For even a modest anglophile, the way Mike Bartlett’s “King Charles III” pairs intrigue with British monarchy, political drama and family tensions in Pioneer Theatre Company’s current production is sure to be engaging. The performance manages to combine the honorable duty of public figures with the intimacies of shared grief, masterfully directed by David Ivers, for a look at Britain’s most famed nobility.

Opening with the death of Britain’s current Queen Elizabeth II, “King Charles III” chronicles possible political and personal journeys of the royals. Charles, son of Queen Elizabeth II, and the man Bartlett gave the position of next ruler for this hypothetical production, attempts to find his footing as the next ruler, particularly in relation to his role in the creation of laws. He hopes to find support in the Prime Minister and the Leader of the Opposition, but they both seem to have their own political agendas at heart. Meanwhile, his sons William and Harry face their own struggles in determining their place in the monarchy. William judges whether his father’s rule is best for the country, and Harry is quickly falling in love with the apparently unsuitable Jess. On the other hand, Catherine, Duchess of Cambridge, observes the situation like a player hovering over a chessboard preparing her next move.

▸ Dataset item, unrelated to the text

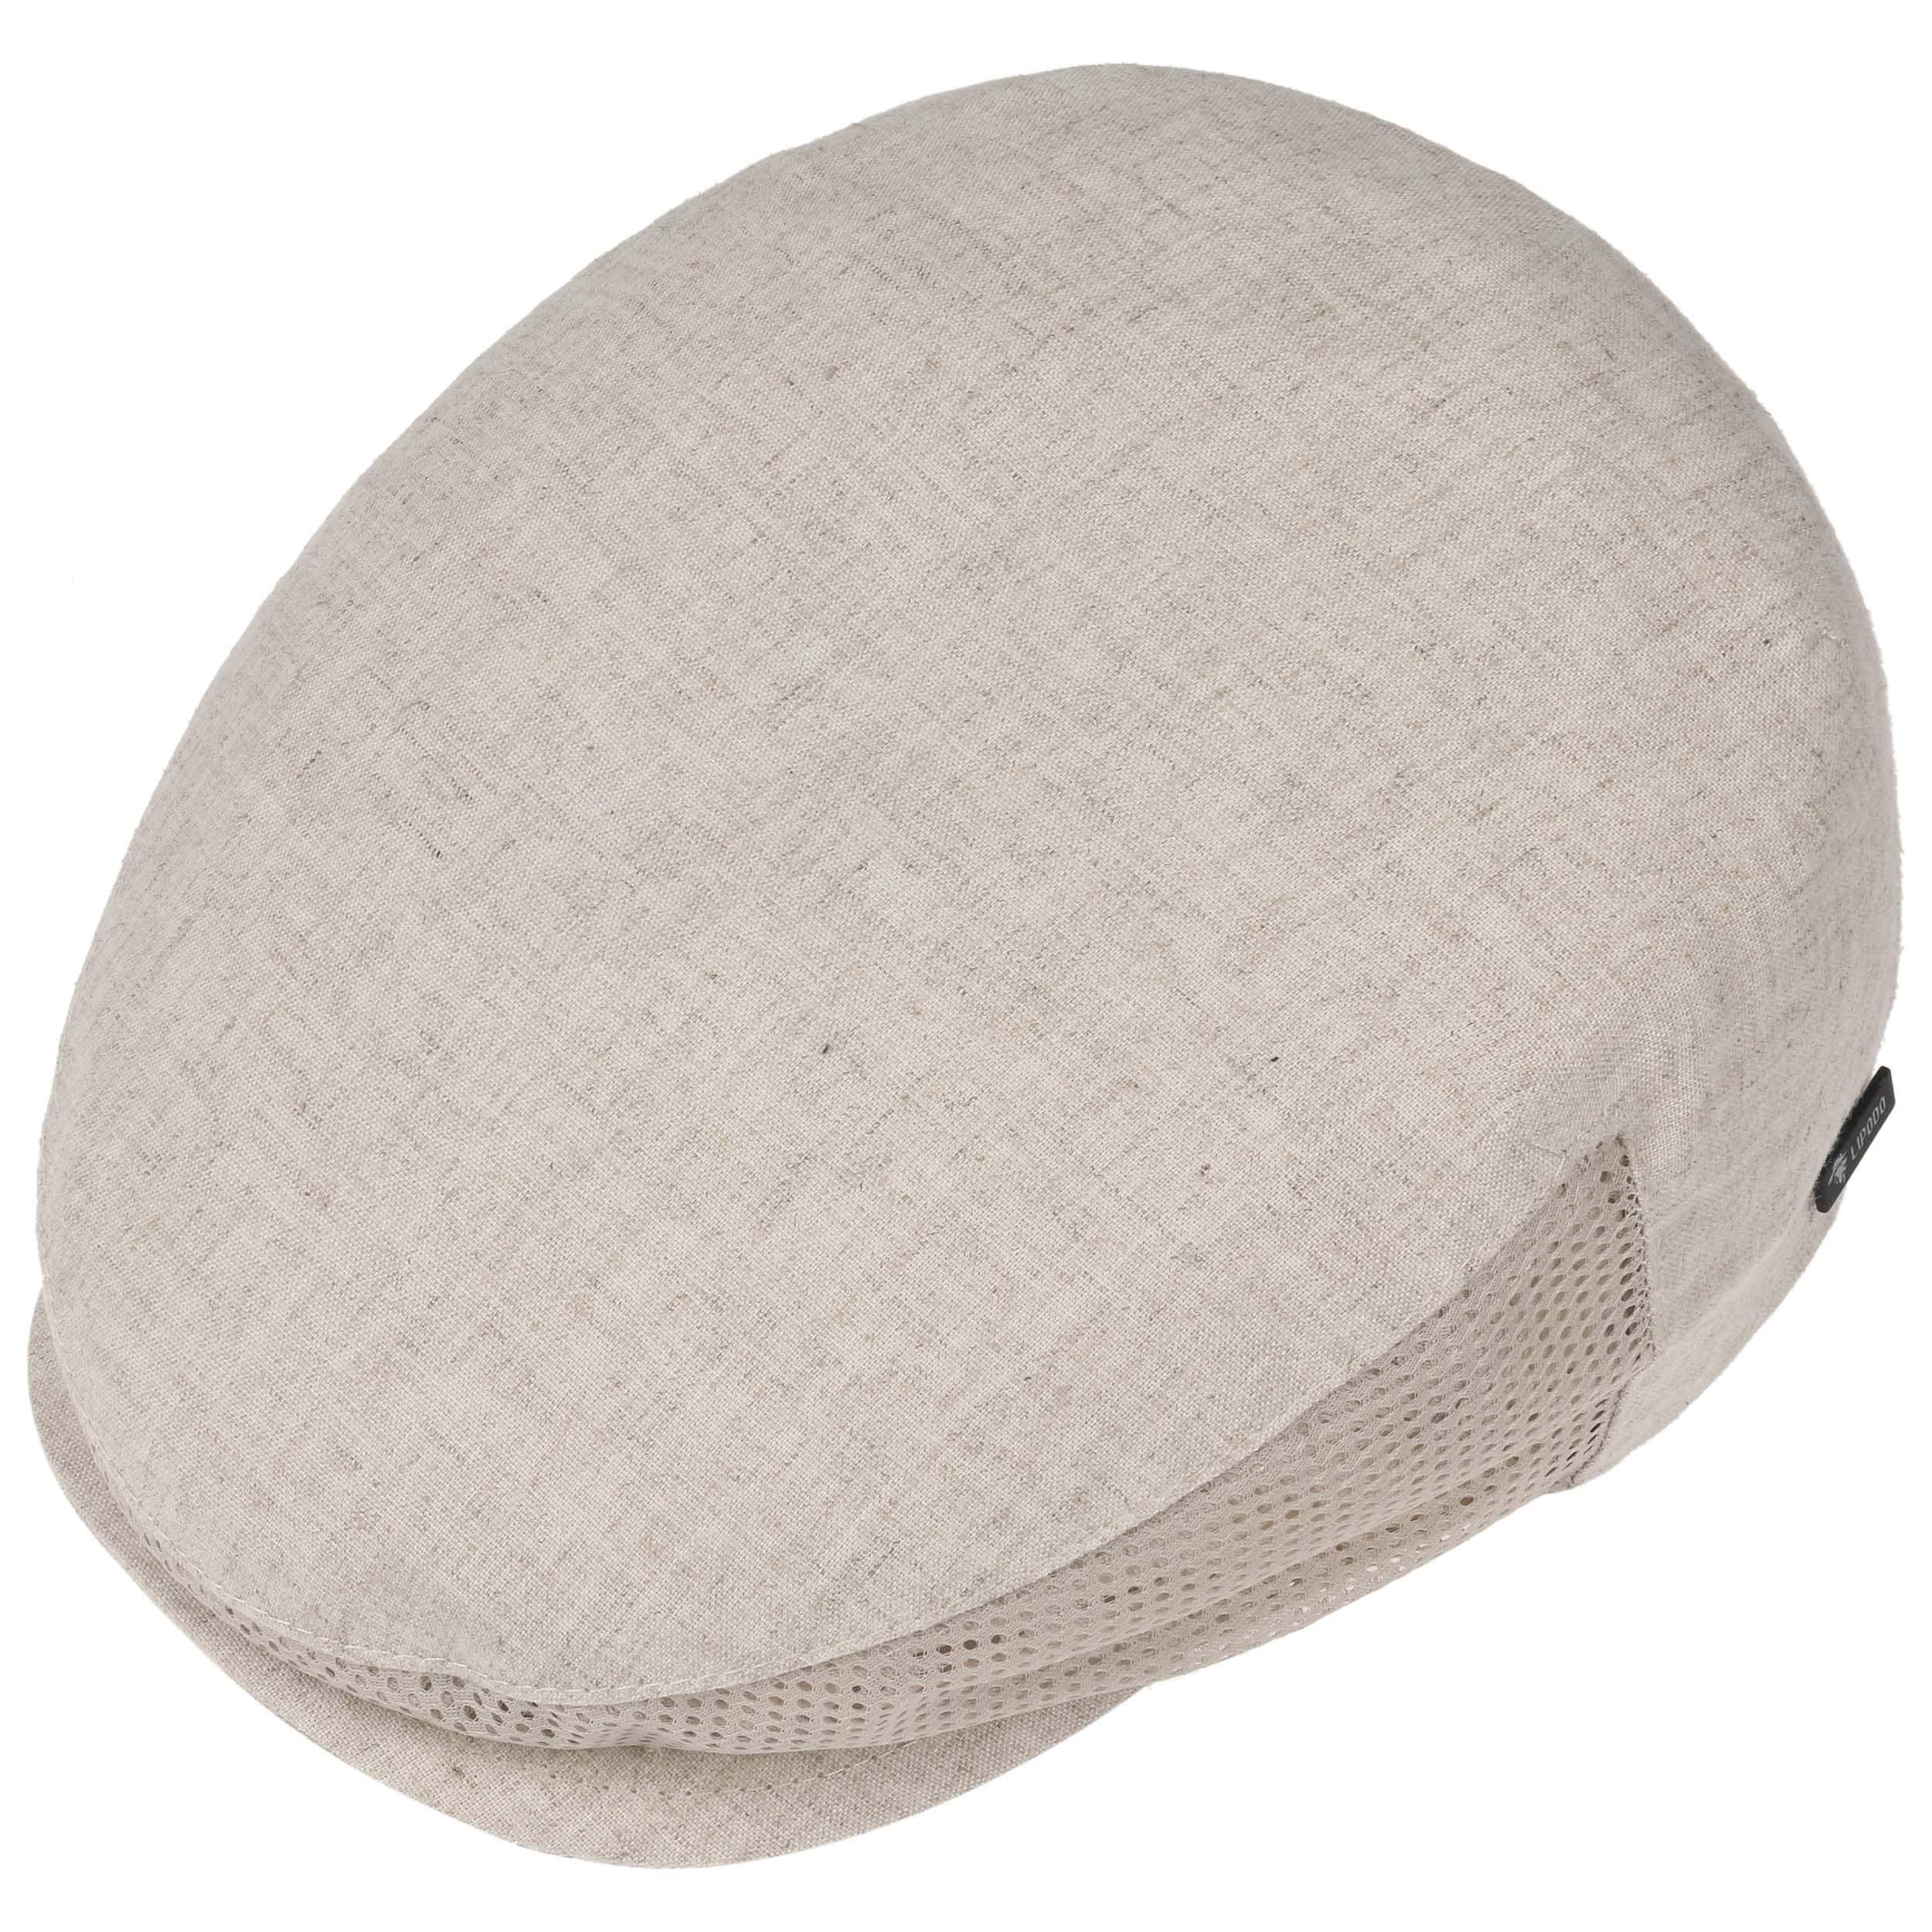 Gorra de Lino Mesh by Lipodo - Gorras - sombreroshop.es 89b2bbaf414d
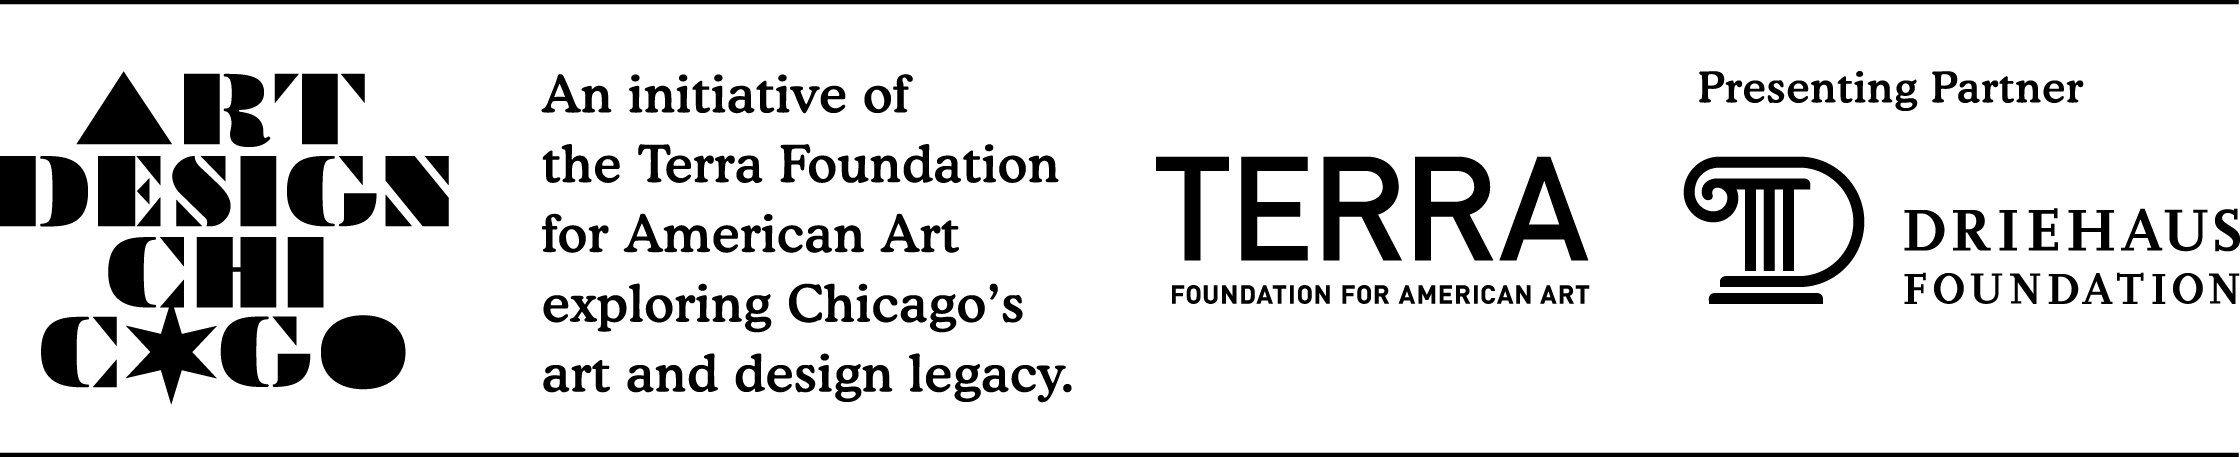 ADC-Lockup-Row-Medium-Black.png

Ultimately, “King Charles III” asks the audience to judge how much power one person commands in government and whether relationships reign more important than duty.

PTC Publicity Photos
“King Charles III”: John Hutton as King Charles III for PTC’s production. Photo courtesy Pioneer Theatre Company.

John Hutton’s performance as King Charles III is riveting throughout the narrative as he alternates between a confident and firm ruler and a slightly doubtful and concerned father. John Ford-Dunker and Grant Goodman portray the Princes Harry and William respectively, each persuasively retreating to opposite responses to the Queen’s death. Samantha Eggers brings an energy reminiscent of Lady Macbeth to her performance of Catherine, which oscillates between a gentle charm and hardened manipulation. As the play jumps from Parliament to the palace to the streets of London, the ensemble also manages to keep the audience engaged and abreast of the moving action.

PTC Publicity Photos
“King Charles III”: John Ford-Dunker and Grant Goodman as Princes Harry and William for PTC’s production. Photo courtesy Pioneer Theatre Company.

 

David Ivers has expertly crafted the world of the play in a way that connects the public personalities we’re familiar with and the sweeping, epic nature of Mike Bartlett’s script. His attention to detail ensures that even the smallest moments are impactful. Everything from a remote-controlled car to the act of signing a document is laced with meaning. The music used in the production, composed by Gregg Coffin and designed by Joshua C. Hight, uses contemporary and traditional instrumentation to add depth to the story. For those who may be a little rusty on the inner workings of British politics, dramaturg Isabel Smith-Bernstein’s program note comes in handy to understand the more nuanced action of the play.

“King Charles III” is a successful and grand exploration of power, politics and family. The production runs at Pioneer Theatre through April 8, with tickets available either at the Pioneer box office or online at their website. Thanks to the ArtsPass, students can purchase tickets for half price in advance, or for $5 one hour before curtain with their UCards.